Facing high data growth rates and the need to resource and budget effectively, Hong Kong enterprises are facing various storage challenges, which include data loss and data security, insufficient storage resources for mission critical applications, and lack of storage management tools.
"Hong Kong enterprises clearly need a cloud storage strategy that will help them optimize their storage infrastructure in line with their business objectives, and cloud storage is really the cornerstone of cloud computing," said Savio Ng (pictured, left), executive of systems and technology group, IBM China/Hong Kong. "As businesses grow, the challenges of protecting data, creating capacity for new data, and guaranteeing quick access to data, are crucial."

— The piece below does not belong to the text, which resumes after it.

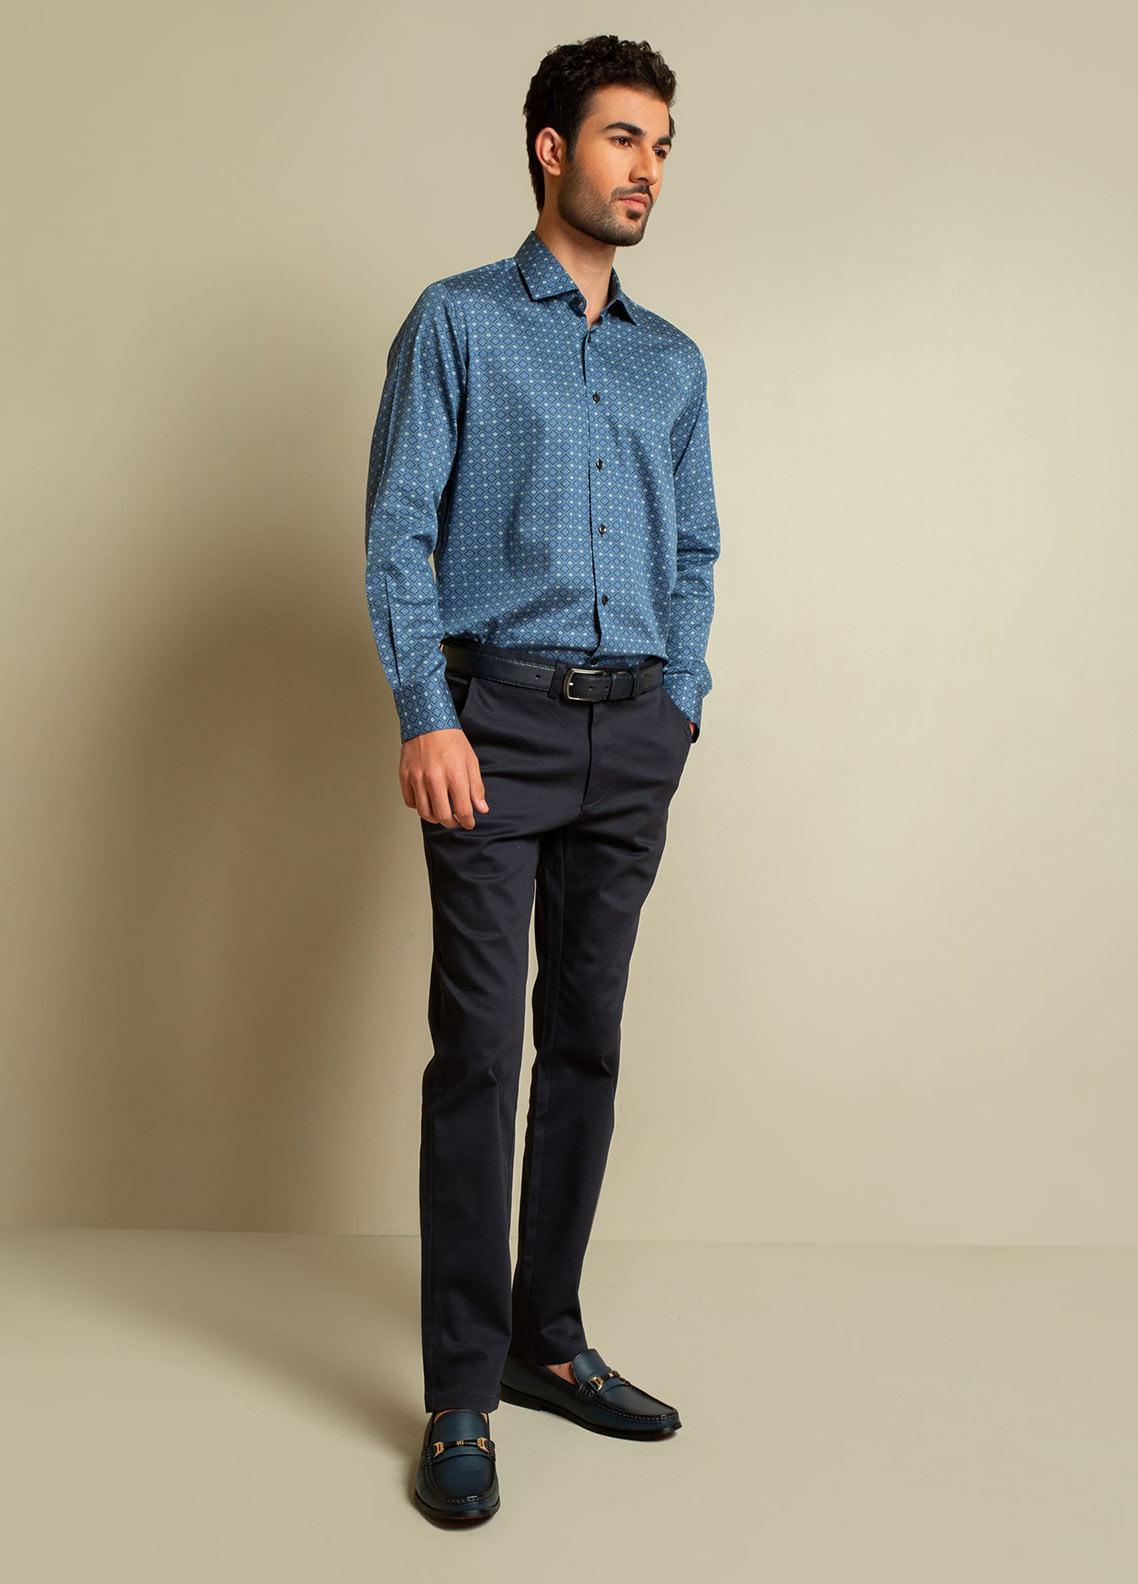 Brumano Cotton Formal Shirts for Men -  BM20SH Navy Blue Geometric Printed Shirt

7 considerations for cloud storage
IBM advised businesses to carefully evaluate seven characteristics of cloud storage to create a fully optimized cloud storage infrastructure:
1. Scalability
Businesses should look beyond capacity and consider performance. The cloud storage solution must support an infrastructure-wide scale out based, versus just a scale up approach, on a business' changing demands. A scalable storage infrastructure provides a transparent path for growth, and reduces disruption and minimizes downtime.
2. Openness
An open cloud storage solution helps organizations take advantage of the latest technologies. An open approach which is not based just on deployment but on a collaborative and future-proof heterogeneous approach, will ensure that technology transitions can be conducted smoothly, and that performance and availability are maintained as more storage is needed.
3. Integration with other cloud platforms
A unified, end-to-end provisioning across a heterogeneous platform is crucial to link with all other cloud platforms. When compared to more common two-stage or single platform approaches, this also increases productivity across the infrastructure.
4. Ease-optimized
A cloud storage solution should not just include an automatic policy-driven approach, but also an intelligent approach based on "learned experience" on storage utilization related to both capacity and performance. By leveraging intelligence, true ease-optimization ensures that the right data is available and accessible when it's needed.
5. Consistent SLA
Businesses are unpredictable so their cloud storage solutions must sustain and manage unpredictable workloads and ensure consistent SLAs are met beyond just a stable environment. Whether used for infrastructure expansion, data backup and recovery, or systems maintenance, the cloud storage solution must guarantee availability and performance that responds to the changing market dynamics.
6. Management interface
Beyond being user-friendly, the interface for cloud storage must be simple, and significantly minimize staff training time. A proactive management system should be in place to handle predictive and trend analysis in the event of bottleneck or over-utilization.
7. Appropriate data protection
Appropriate data protection standards should be a fit-for-purpose approach which closely ties to the SLAs, in accordance to the RTO, RPO, TCO, operation capabilities and retention policy. This will effectively protect application and server Hypervisor awareness and ensure SLAs can always be maintained.
Ng added that there are three elements that should be considered to ensure one's cloud storage is fully optimized: consultation through a best practice framework; leading technology; and a strong connection with business value. "As with any infrastructure decision, consultation is key to bridging the gap between technology and business value," he said.
Executives from Li & Fung and Venetian Macau who attended the event and shared views from a customer perspective.
Scalability and system availability
"As we continue to expand and acquire new businesses, we need a scalable system to support our business growth while ensuring our services aren't disrupted, downtime is minimal and performance isn't sacrificed," said Iman Mak (pictured, right), senior vice president of IT Services, Li & Fung. "Data Protection is also a major consideration for us and backup is definitely one of the important areas. We need a highly effective system to enable us to complete the backup on time with the least effort."
"Maintaining a high level of 24/7 support across four integrated resorts requires a pro-active management approach that ensures the highest level of system availability which is key for us to be able to deliver on our SLAs," said Thomas Dillon (pictured, middle), senior vice president of IT -- Asia, Venetian Macau.
"At the same time, the need for operational and deployment efficiency calls for a standardized infrastructure across all of our properties. This enables us to maintain a consistent site design and infrastructure for easy management by our site managers and to ensure our service levels and operations run seamlessly, regardless of any reshuffling of manpower resources," Dillon added.